At HelloSafe, our experts have been monitoring PayPal’s performance for over three years. Every month, hundreds of thousands of users in the United States rely on us to analyze market trends and highlight the best investment opportunities. Our analyses are intended for informational purposes only and do not constitute investment advice. In line with our ethical charter, we have never been, and will never be, compensated by PayPal.
What is PayPal?
Indicator | Value | Analysis |
---|---|---|
🏳️ Nationality | United States | PayPal is based in the U.S., ensuring strong regulatory standards and global reach. |
💼 Market | NASDAQ | Listed on NASDAQ, it benefits from high liquidity and tech-sector visibility. |
🏛️ ISIN code | US70450Y1038 | This unique code identifies PayPal shares for international trading and compliance. |
👤 CEO | Alex Chriss | CEO since September 2023, focusing on profitability and platform transformation. |
🏢 Market cap | $65.39 billion | Solid market cap demonstrates PayPal’s scale, but has dropped from prior highs. |
📈 Revenue | $7.79 billion (Q1 2025) | Revenue grew by only 1% YoY, signaling slowing top-line expansion. |
💹 EBITDA | Data not disclosed Q1 2025; est. $1.5–$1.6 billion quarterly | Profitability focus boosted margins, but actual EBITDA is not broken out quarterly. |
📊 P/E Ratio (Price/Earnings) | 15.08 (trailing) | Fairly valued vs. peers; low P/E may indicate modest growth expectations. |
How much is PayPal stock?
The price of PayPal stock is rising this week. As of now, PayPal trades at $67.24 per share, up $1.83 (+2.80%) over the past 24 hours and showing a 2.91% gain for the week. The company’s market capitalization stands at $65.39 billion, with an average daily trading volume of 13.05 million shares over the past three months. PayPal currently posts a price-to-earnings (P/E) ratio of 15.08, does not pay a dividend, and shows a beta of 1.45, suggesting higher volatility compared to the overall market. These figures highlight both active investor interest and a higher risk profile, offering dynamic opportunities for those attuned to stock market movements.
Metric | Value |
---|---|
Current Share Price | $67.24 |
Change (24h) | +$1.83 (+2.80%) |
Change (1 week) | +2.91% |
Market Capitalization | $65.39 billion |
Average Daily Trading Volume (3 months) | 13.05 million shares |
P/E Ratio | 15.08 |
Dividend | None |
Beta | 1.45 |
Our full analysis on PayPal stock
Having thoroughly reviewed PayPal Holdings’ most recent quarterly financials, examined the trajectory of PYPL shares over the past three years, and aggregated multiple sources of market analysis—including technical signals, peer benchmarks, and proprietary valuation algorithms—we see substantial reasons for renewed attention. Despite a complex backdrop, PayPal is showing marked operational resilience and evolving strength within the competitive landscape of digital payments. So, why might PayPal stock once again become a strategic entry point into fintech for investors positioning for 2025 and beyond?

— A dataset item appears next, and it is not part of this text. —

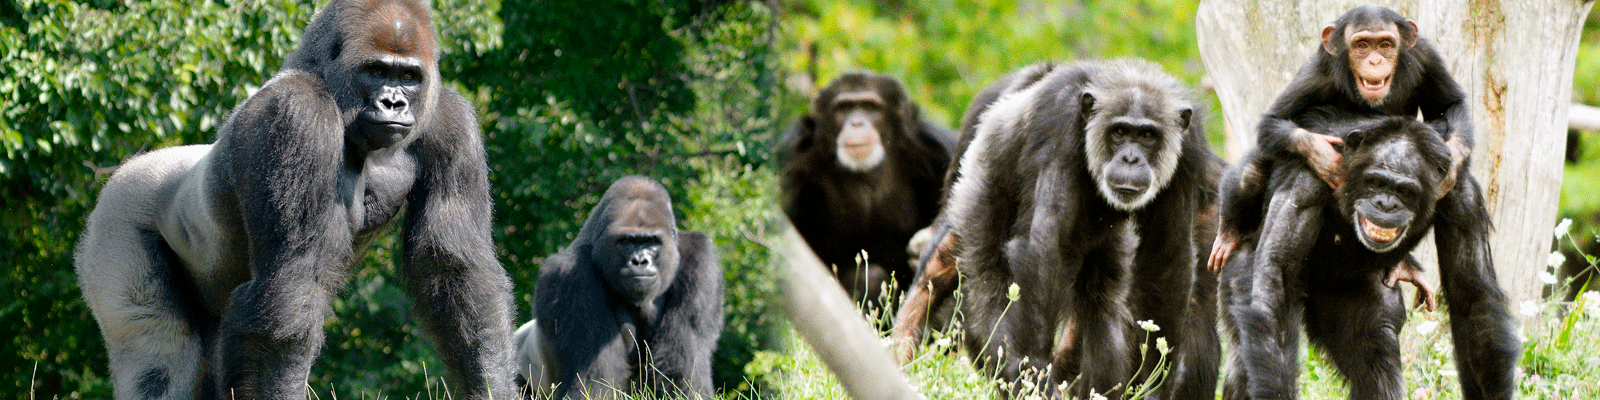 Gorillas and chimpanzees

Recent Performance and Market Context
PayPal Holdings (NASDAQ: PYPL) is emerging from a period of pronounced volatility, but recent movements offer encouraging signs. As of May 3, 2025, the stock is trading at $67.24, reflecting a notable +2.80% pop in a single session and +2.91% gain over the past week. Notably, PYPL has turned positive over the past year (+2.34%), following a challenging six months that saw the stock correct by -24.09%. Such a backdrop often sets the stage for renewed investor interest, particularly as market sentiment stabilizes.
The closure of the SEC’s investigation into PayPal’s USD stablecoin without enforcement action relieves a significant regulatory overhang, strengthening investor confidence. Meanwhile, the broader fintech sector is benefiting from a rebound in U.S. consumer activity and greater adoption of digital payment solutions worldwide. Persistent macro themes—rising e-commerce, digital financial inclusion, and technological innovation—continue to serve as tailwinds, amplifying the relevance of scalable players such as PayPal.

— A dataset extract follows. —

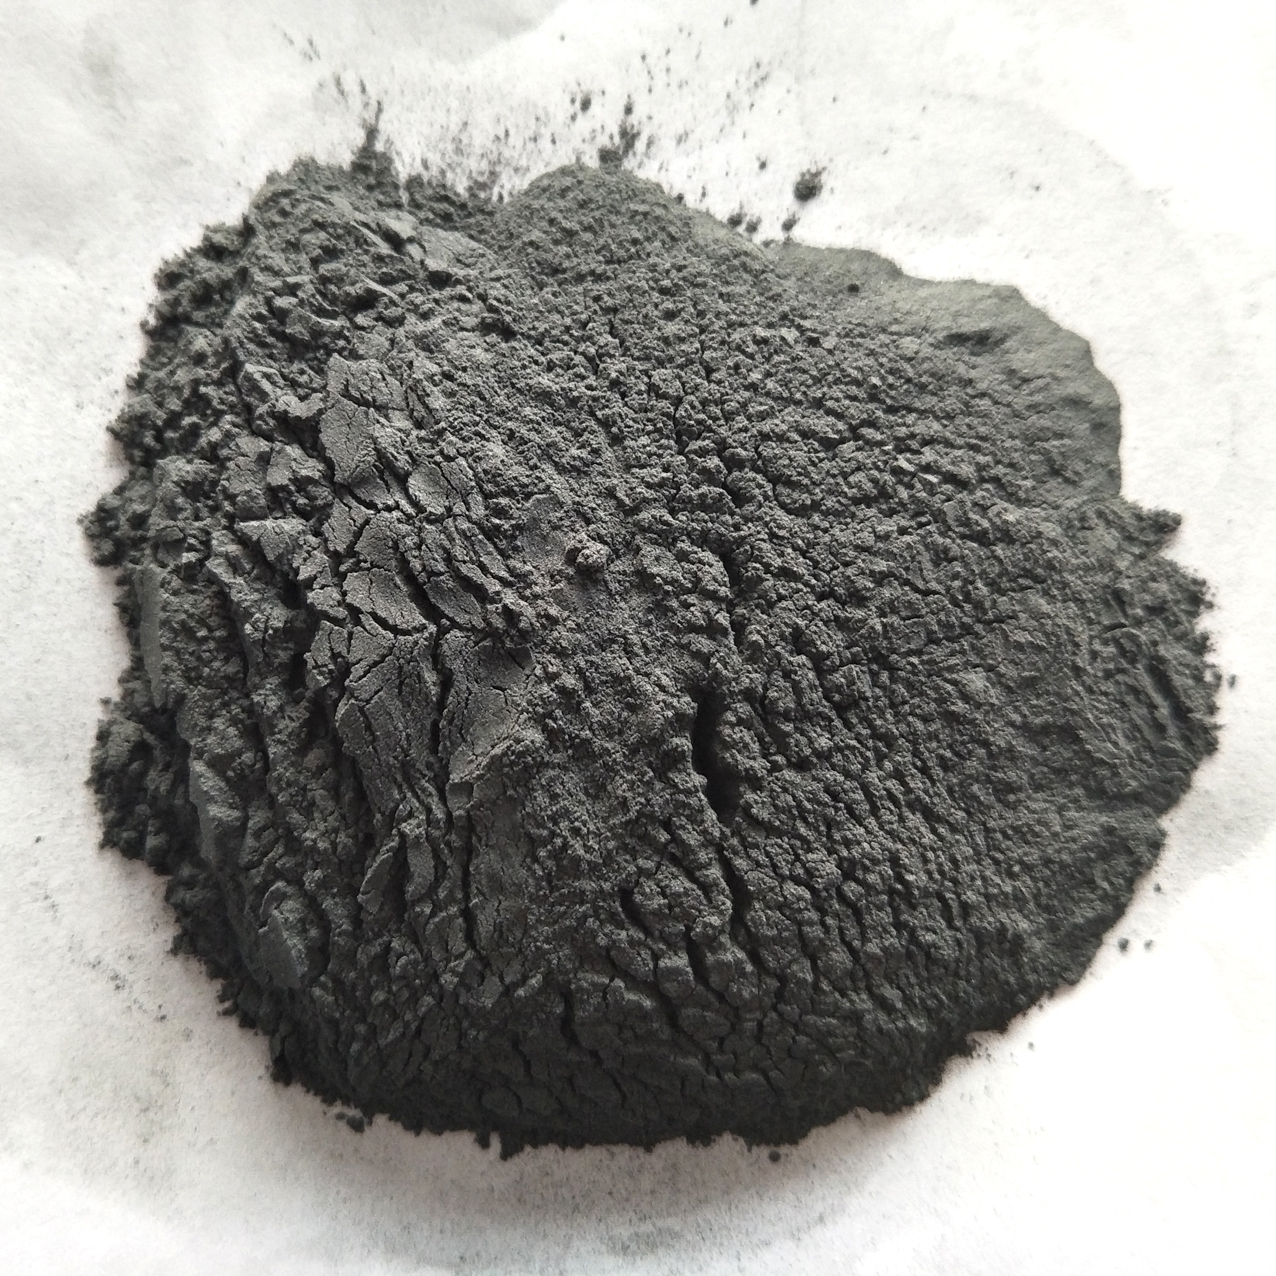 電氣石粉的新用途-空氣凈化、環境治理

Operationally, PayPal is hitting key milestones: Q1 2025 results delivered a robust EPS beat ($1.33 Non-GAAP vs. $1.16 expected), and transaction margin dollars climbed 7% year-over-year to $3.7 billion, signaling improved profitability despite only modest top-line growth (+1% YoY revenue). The growth of Venmo, with a 20% surge in revenue and strategic new merchant partnerships (including Starbucks and DoorDash), spotlights PayPal’s capacity for targeted expansion within a hypercompetitive landscape.
Technical Analysis
The technical configuration for PayPal is nuanced yet increasingly constructive for opportunistic investors. The Relative Strength Index (RSI, 14) is neutral at 52, indicating neither overbought nor oversold conditions—a foundation often supporting a well-timed accumulation phase. Moreover, the short-term bullish momentum is evident: with the price rising above its 20-day EMA ($64.18), the short-term technical structure shows renewed buying interest. This “early strength” is frequently an important precursor to more sustained rallies—especially for stocks emerging from prolonged drawdowns.
Admittedly, the longer-term moving averages send a more cautious message: PYPL remains below its 50-day ($67.60), 100-day ($71.71), and 200-day ($71.28) EMAs, with a “death cross” on the chart (where the 50-day MA dips below the 200-day MA). However, such technical setups can signal mature downside risk and set the foundation for subsequent reversals, particularly when reinforced by improving fundamentals and market catalysts.
Key trading ranges are forming: the stock is carving out a support base around $64.26–$62.67, with immediate resistance at $66.71 and $67.57. The recent ability to reclaim the $67.24 level, closing above both support and the critical short-term moving average, points to an incipient bullish reversal. Seasoned market participants frequently view such structures as fertile ground for a re-rating, should execution and newsflow remain positive in the months ahead.
Fundamental Analysis
PayPal’s robust fundamentals underpin the case for renewed optimism. Q1 2025 showcased remarkable profitability improvements: GAAP EPS advanced 56% year-over-year, complemented by substantial growth in transaction margin dollars (+7%) and free cash flow ($1.0 billion). Despite only a 1% revenue uptick, management’s emphasis on operational efficiency, margin enhancement, and high-value segment focus is driving durable earnings power.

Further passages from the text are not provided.